* [EXERCISE DIRECTIONS] The listing below is to be copied exactly, with pictures excluded.

* [DATA SHOWN]
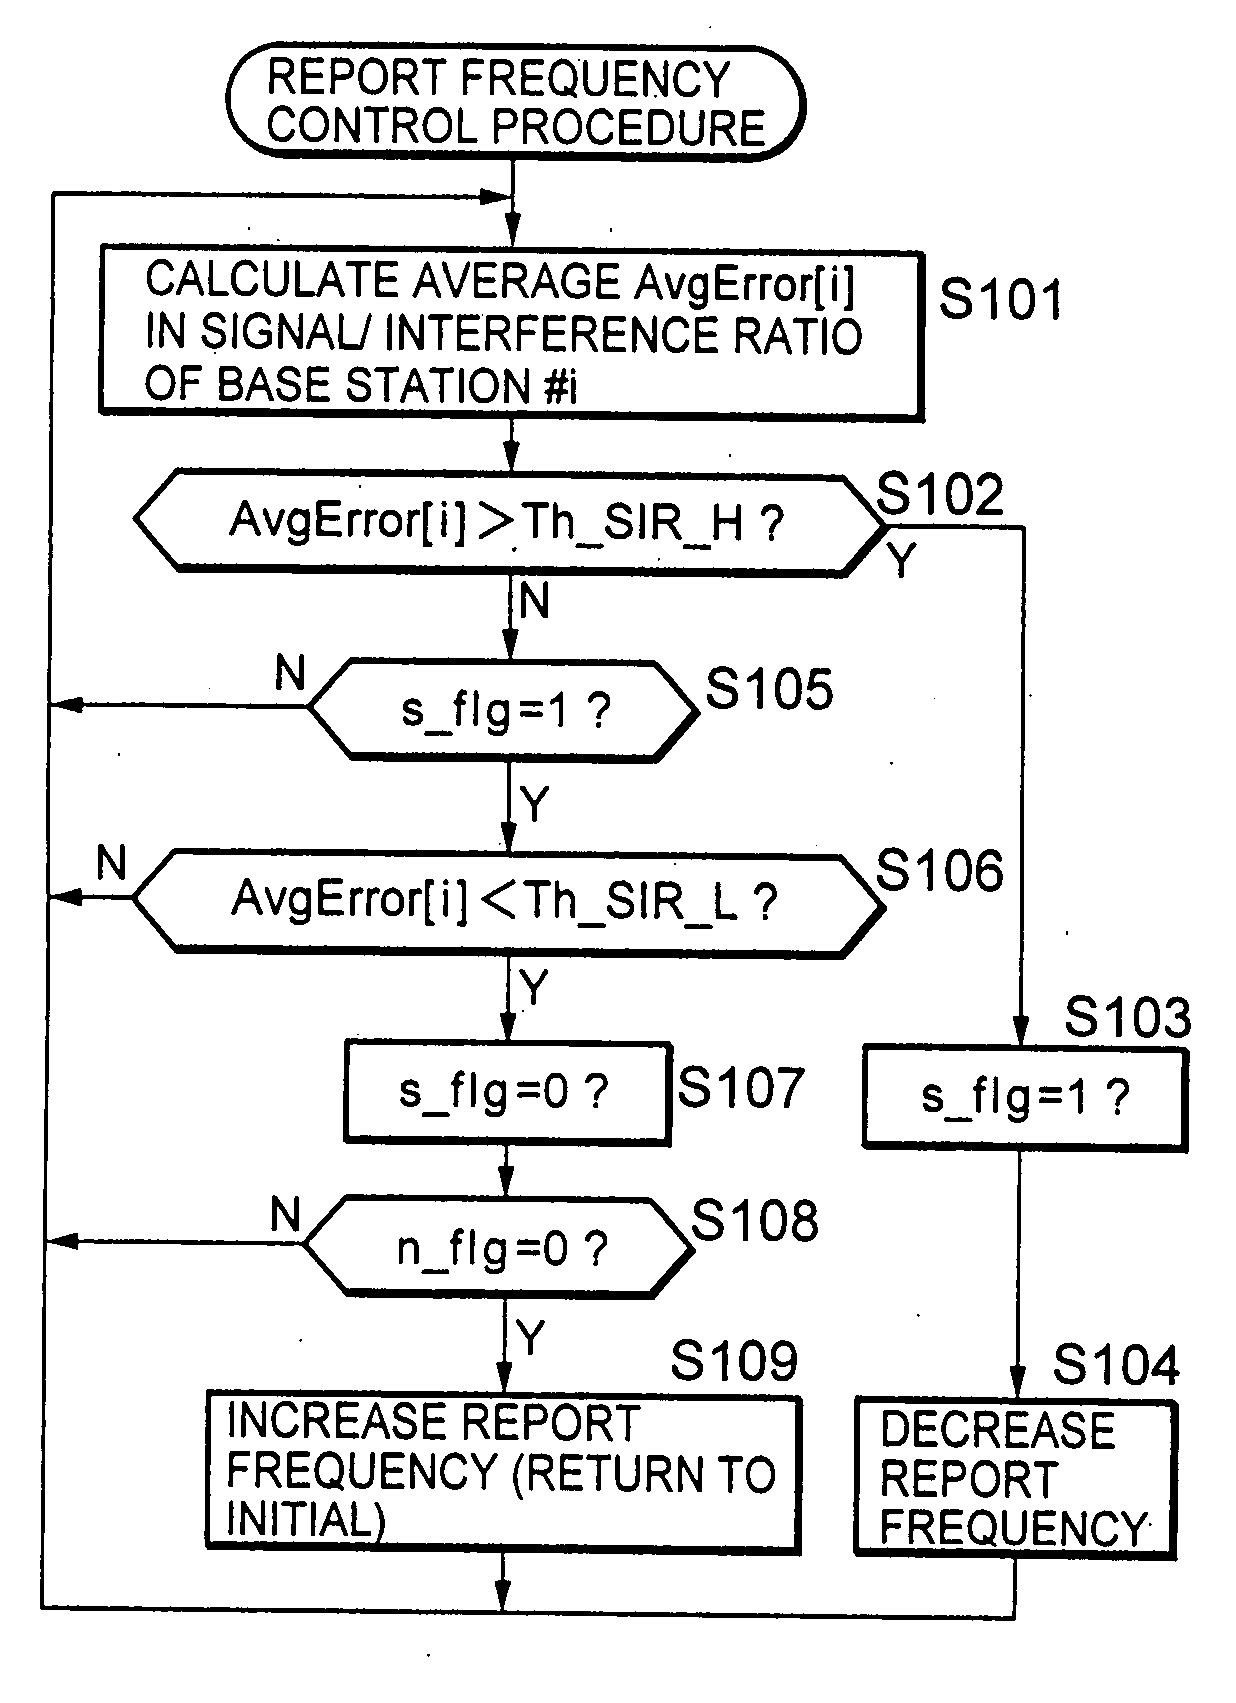 Information processing apparatus and communication apparatus
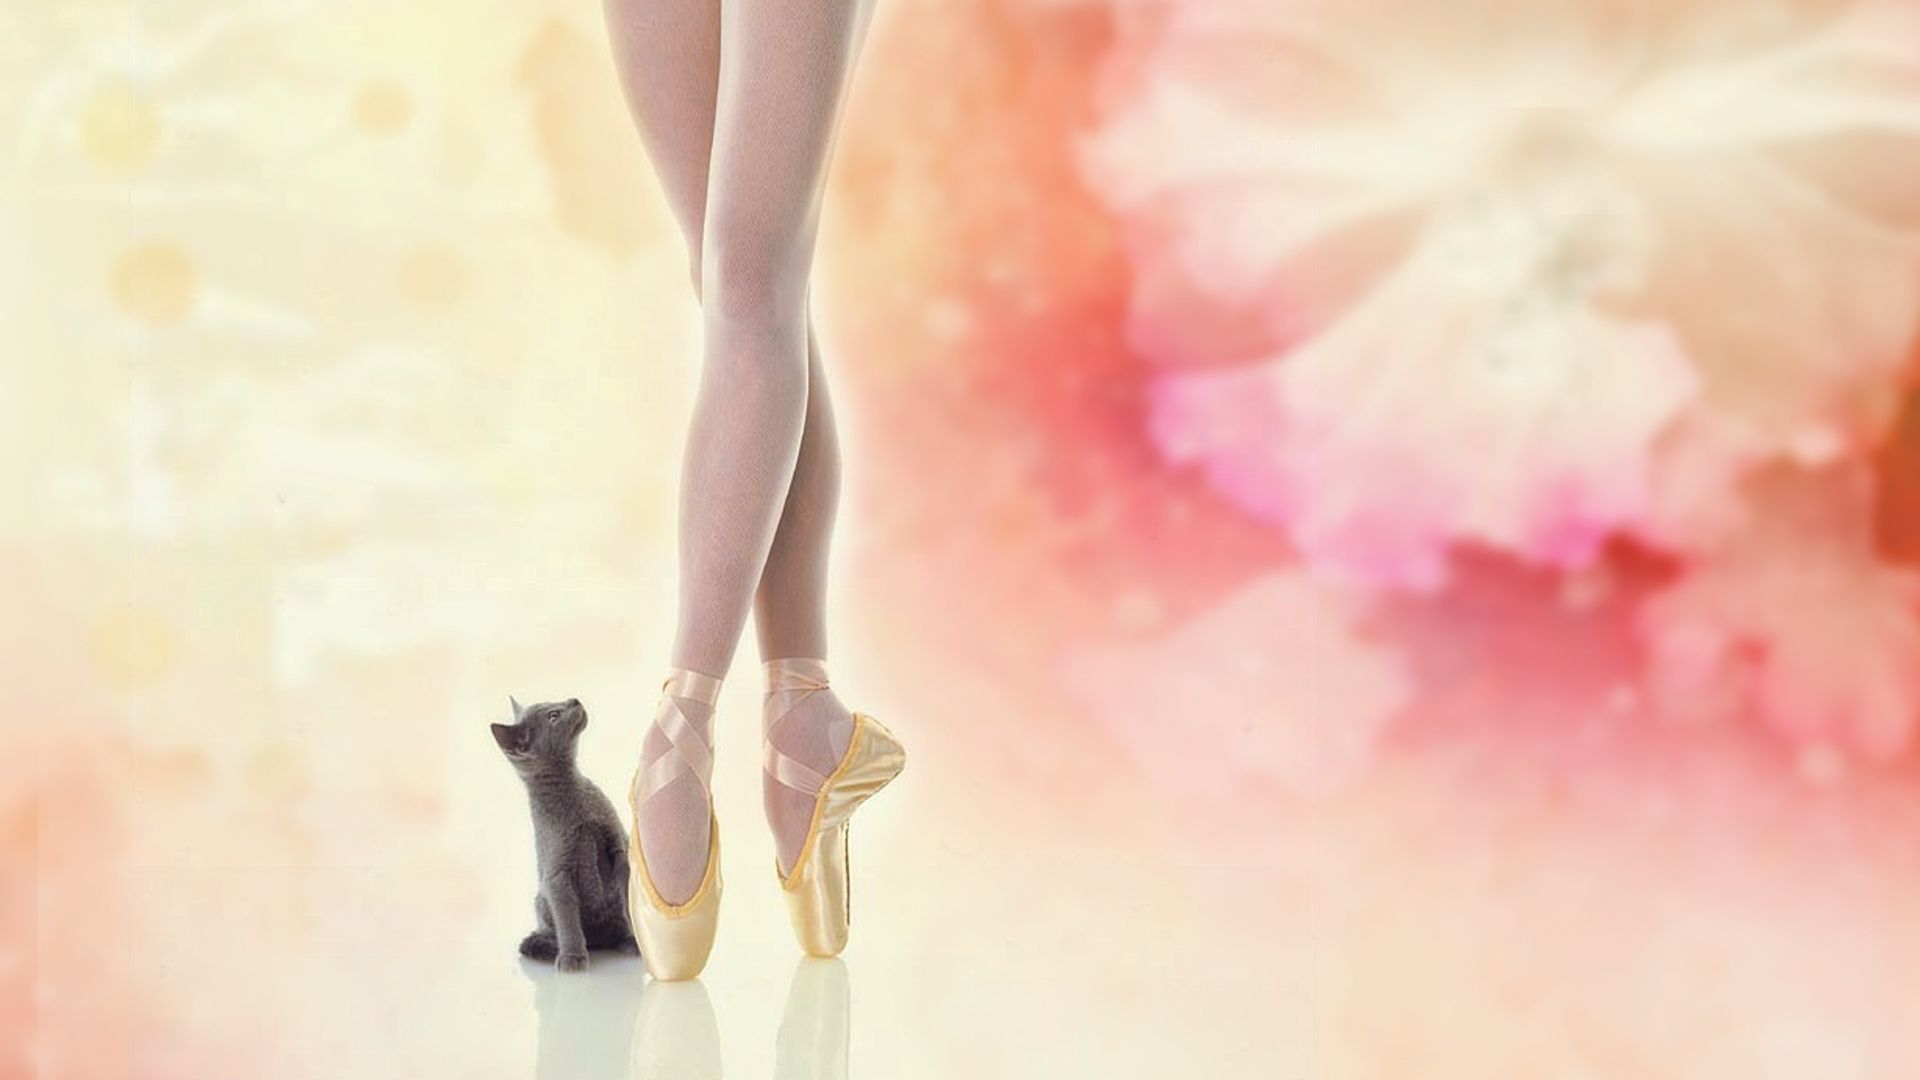  Ballerina HQ Background Wallpapers
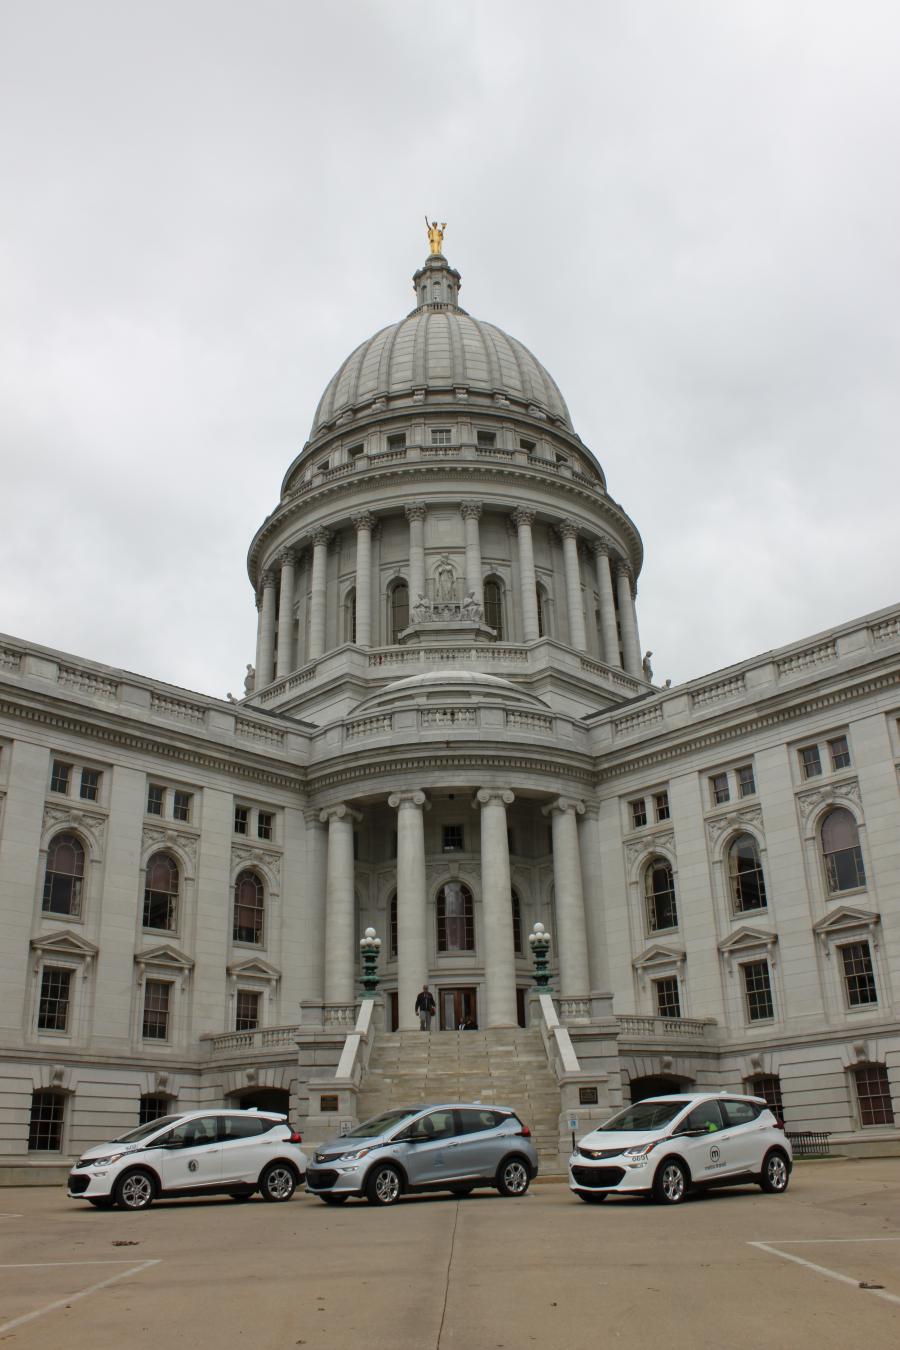 Chevrolet bolts in front of capitol
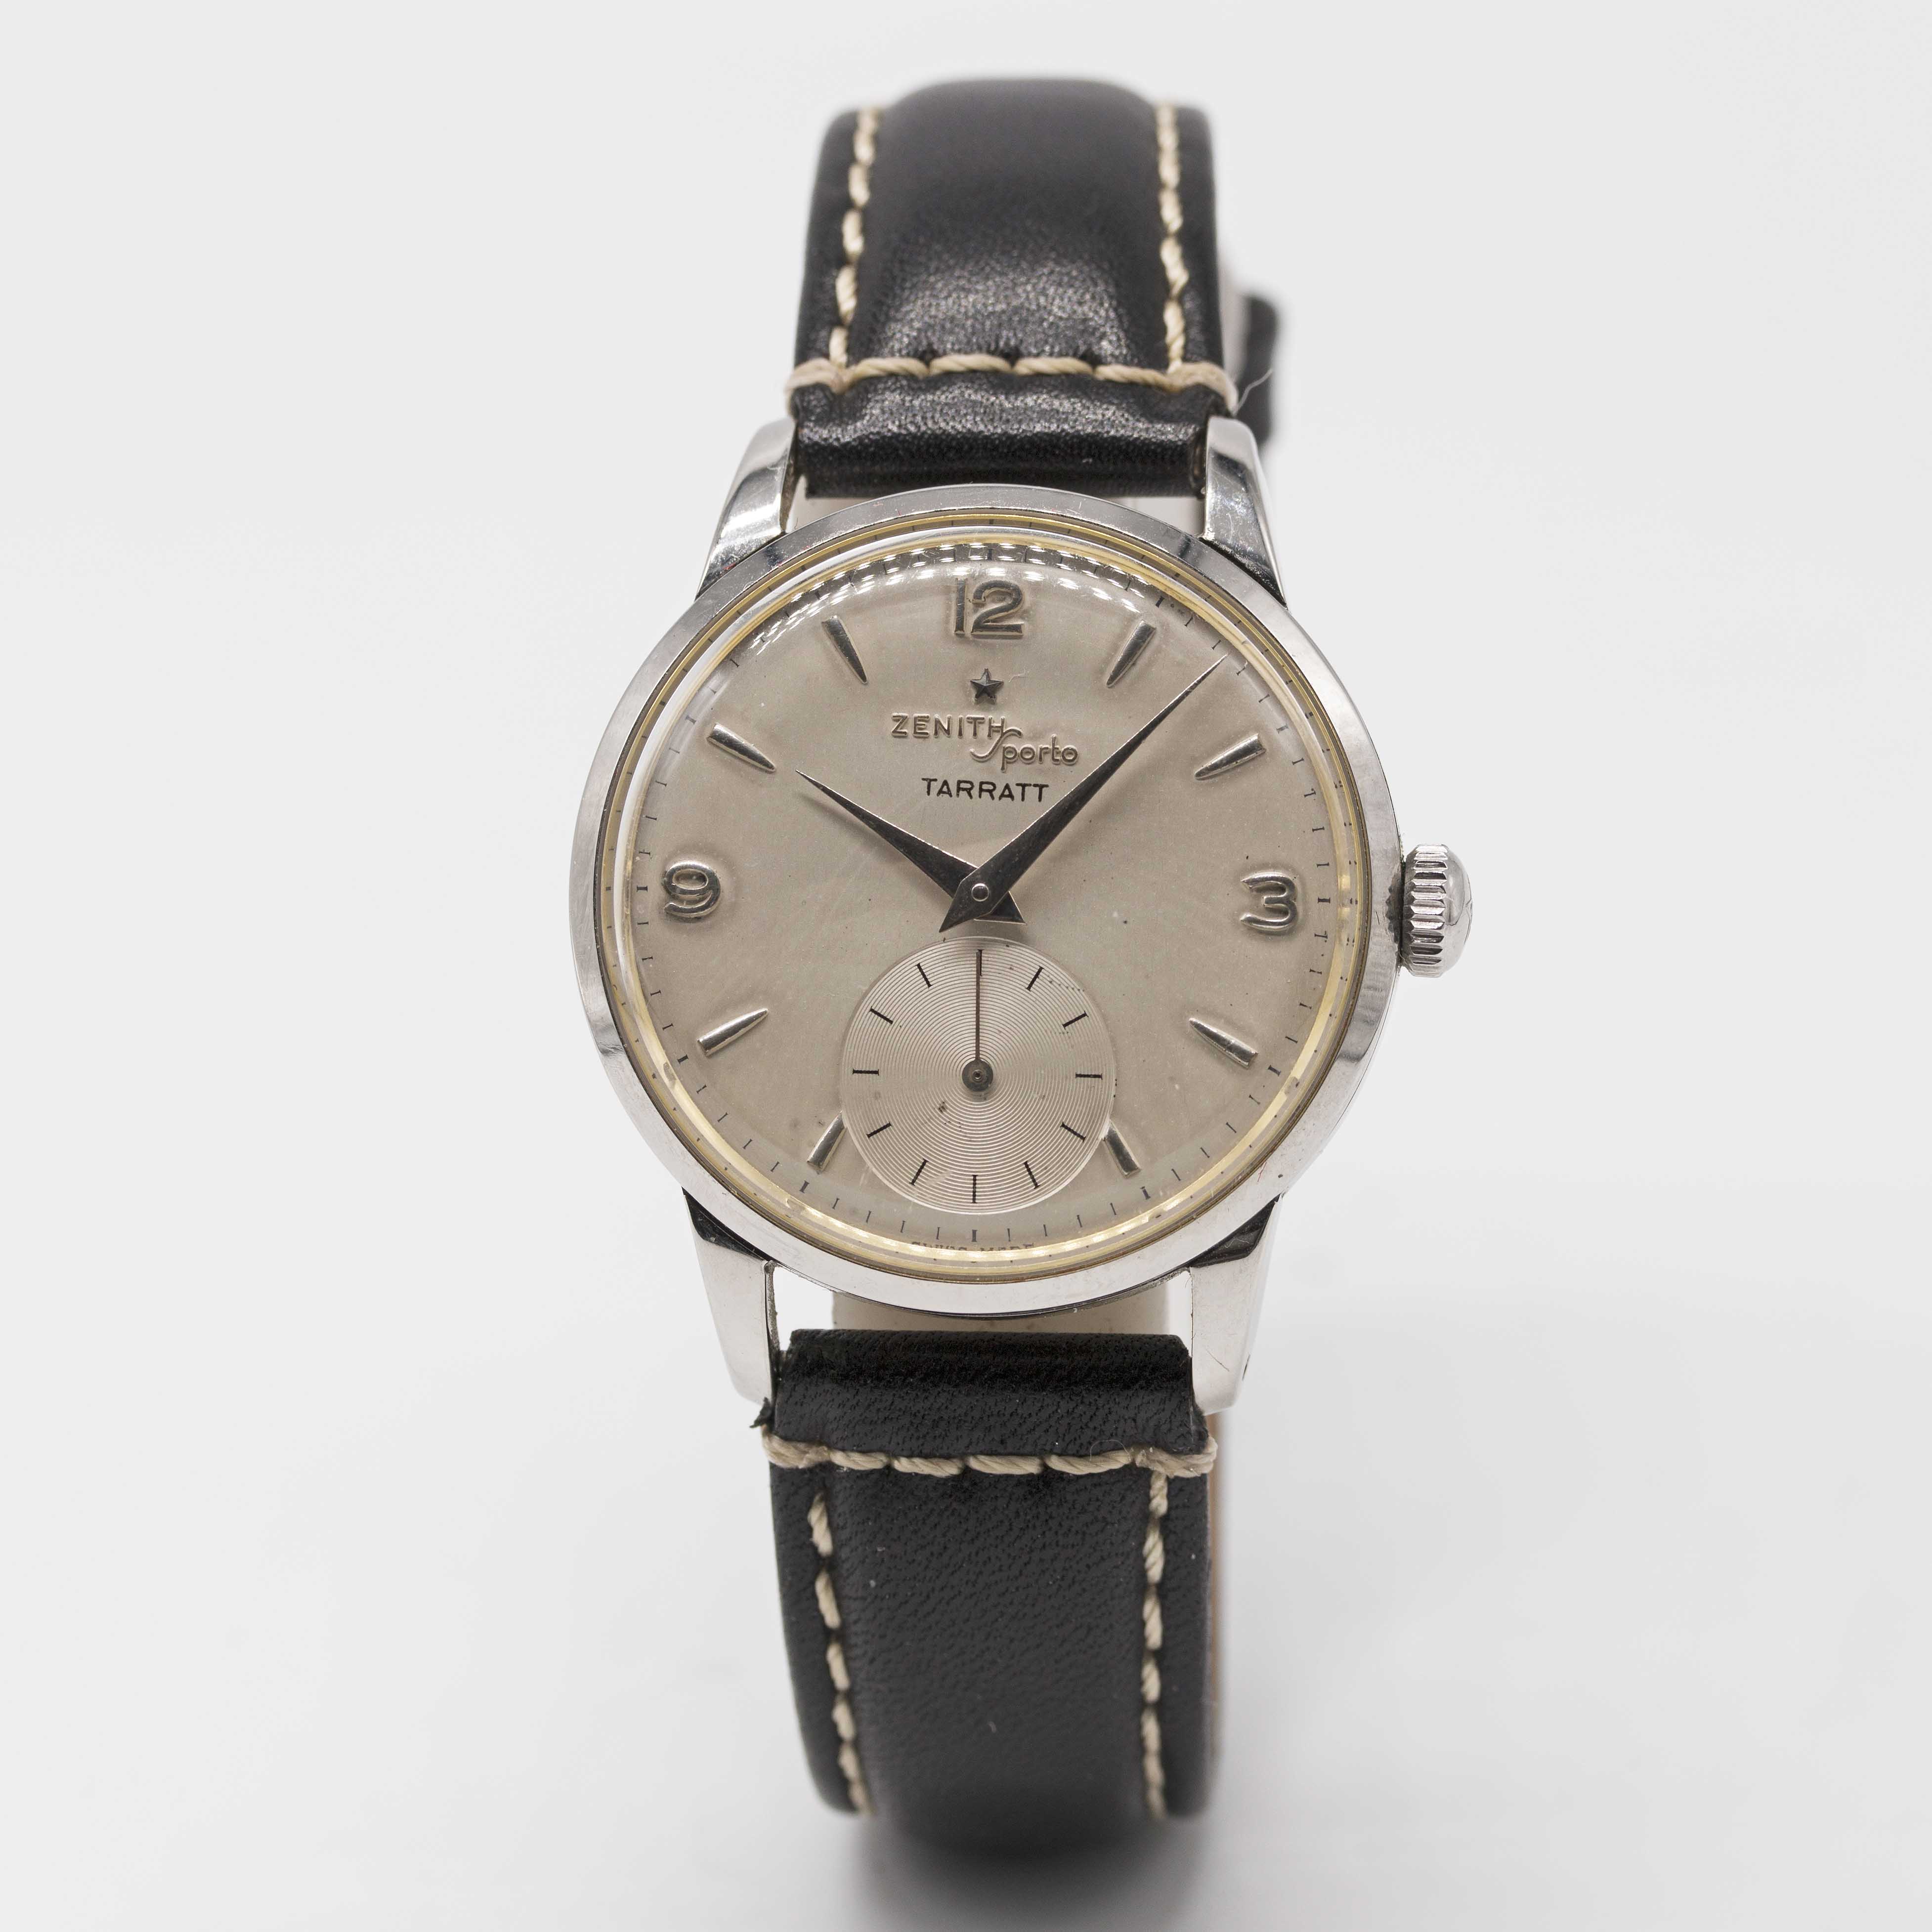 A GENTLEMAN'S STAINLESS STEEL ZENITH SPORTO WRIST WATCH CIRCA 1960, RETAILED BY TARRATT WITH CO- - Image 2 of 8

* [SOLUTION TO THE EXERCISE]
 Information processing apparatus and communication apparatus
  Ballerina HQ Background Wallpapers
 Chevrolet bolts in front of capitol
 A GENTLEMAN'S STAINLESS STEEL ZENITH SPORTO WRIST WATCH CIRCA 1960, RETAILED BY TARRATT WITH CO- - Image 2 of 8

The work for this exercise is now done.